**TRY IT**
Leave the images out and repeat the data exactly as given.

**SOURCE MATERIAL**
★ ★ ★

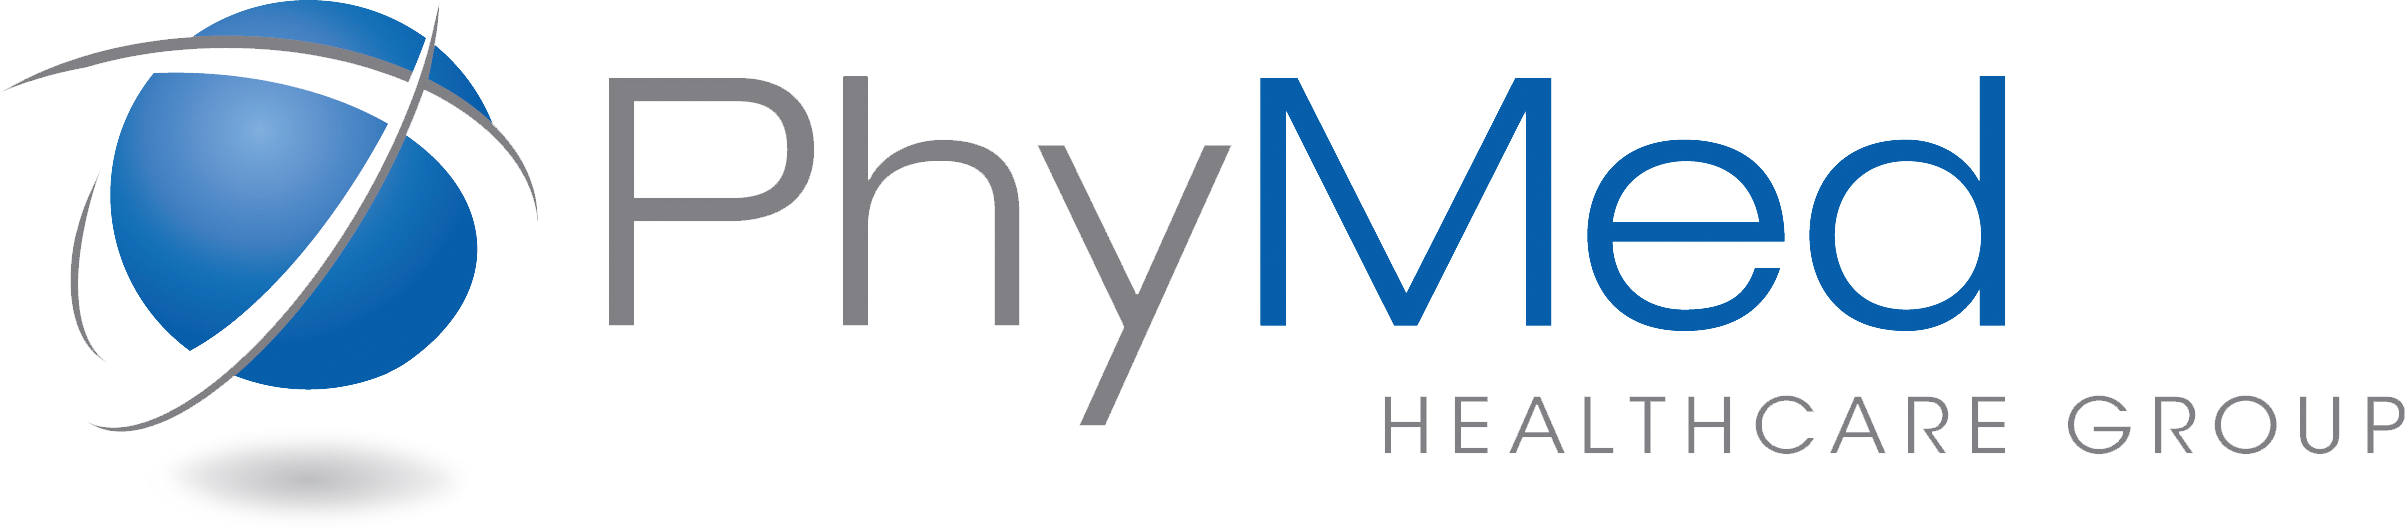 Phymed Healthcare Group
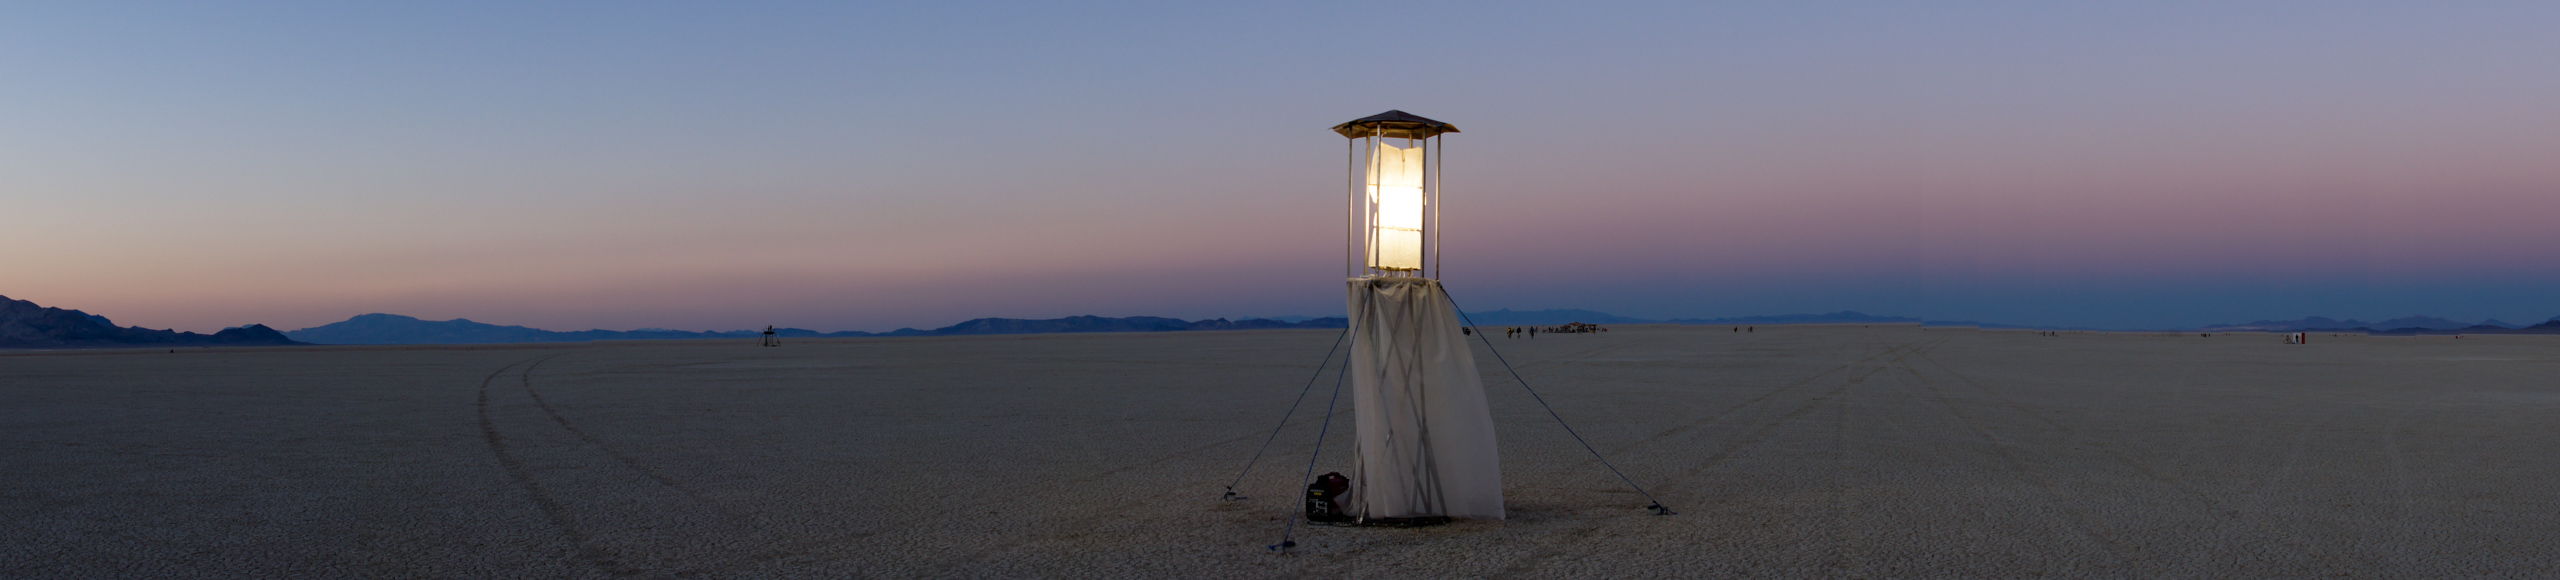 Snow QueenMy installation is a "lighthouse." The lens is a glass cast of a dress, cast in 12 parts. The tower is steel, and the skirt is chiffon that would blow beautifully in the playa wind (made by Elizabeth Serrano).
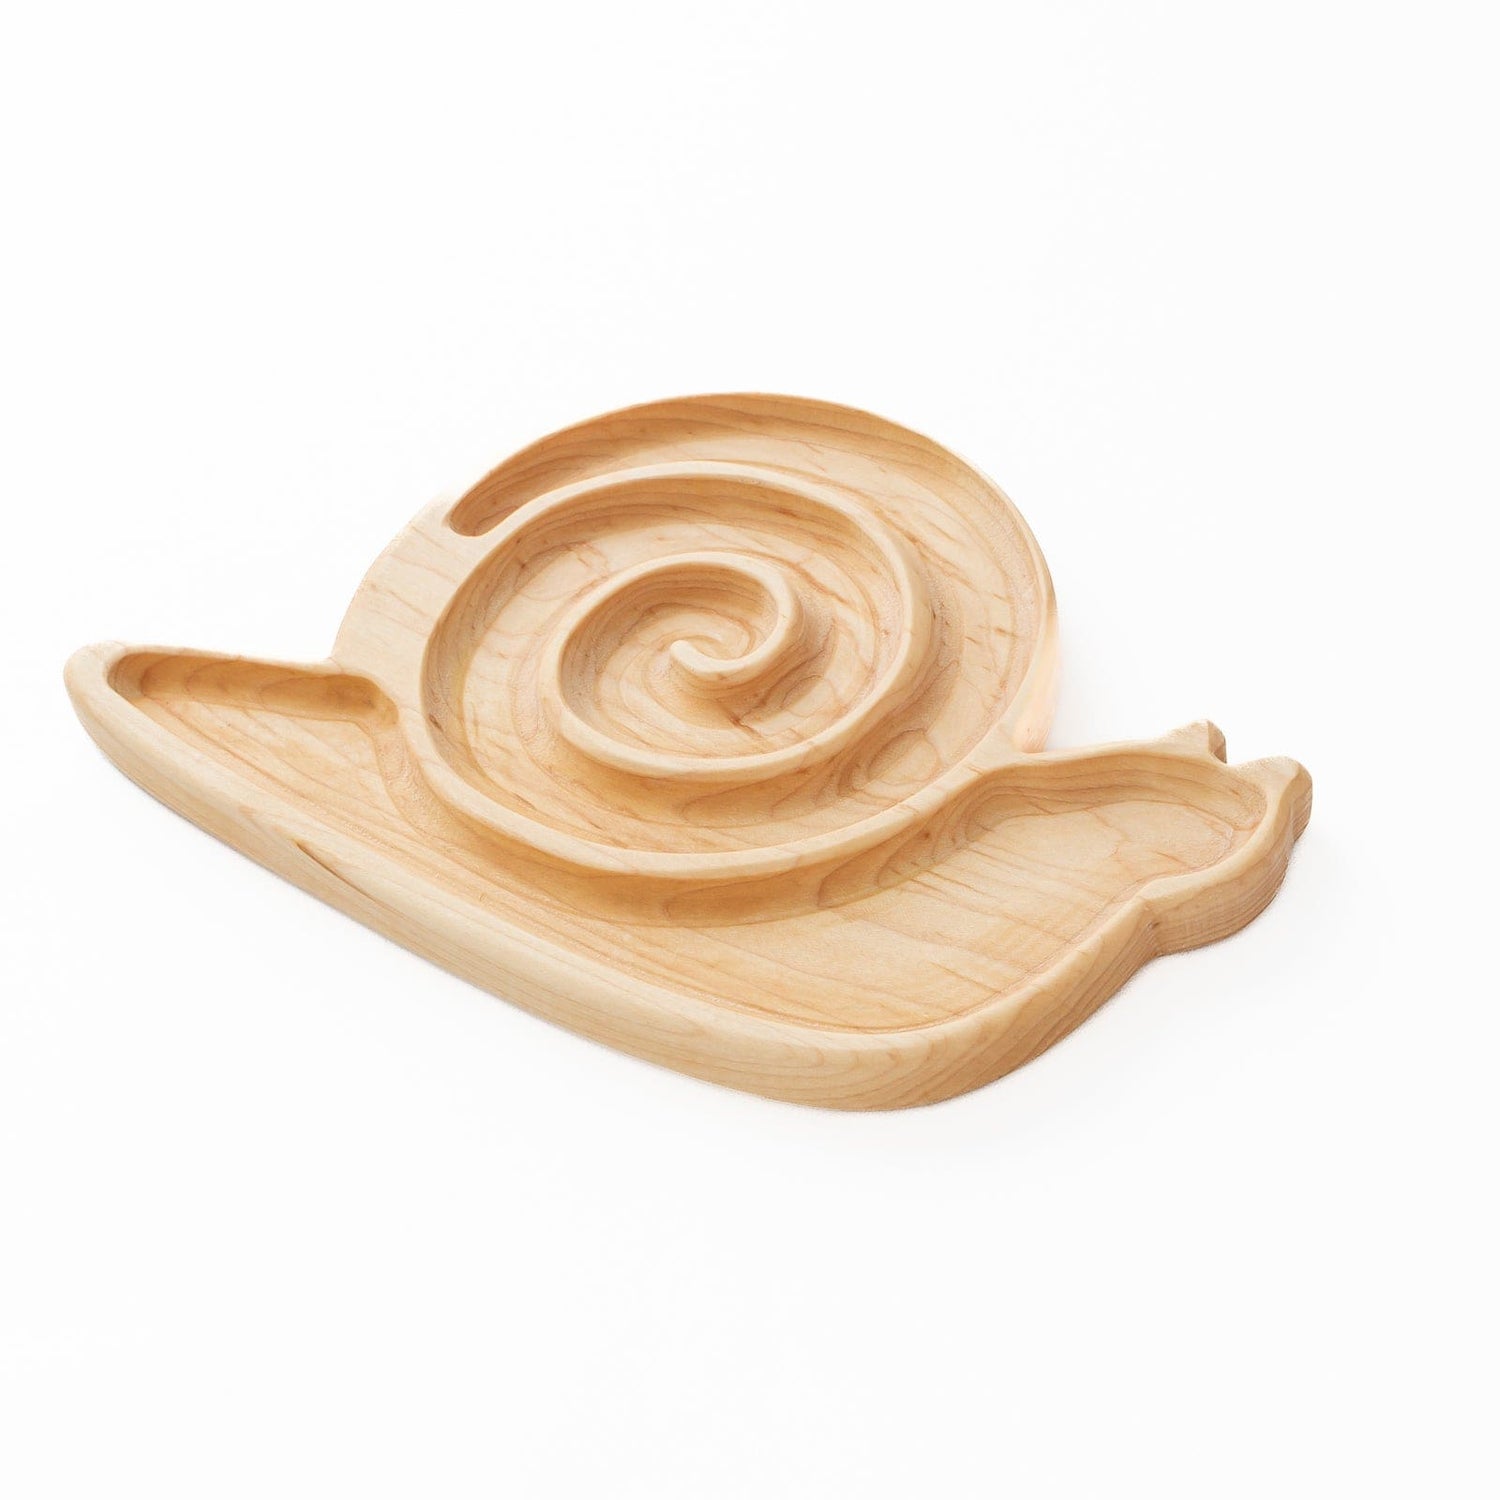 Aw & Co. Sensory Play Wooden Snail Plate / Sensory Tray (Made in Canada)

★ ★ ★

**WORKED SOLUTION**
 Phymed Healthcare Group
 Snow QueenMy installation is a "lighthouse." The lens is a glass cast of a dress, cast in 12 parts. The tower is steel, and the skirt is chiffon that would blow beautifully in the playa wind (made by Elizabeth Serrano).
 Aw & Co. Sensory Play Wooden Snail Plate / Sensory Tray (Made in Canada)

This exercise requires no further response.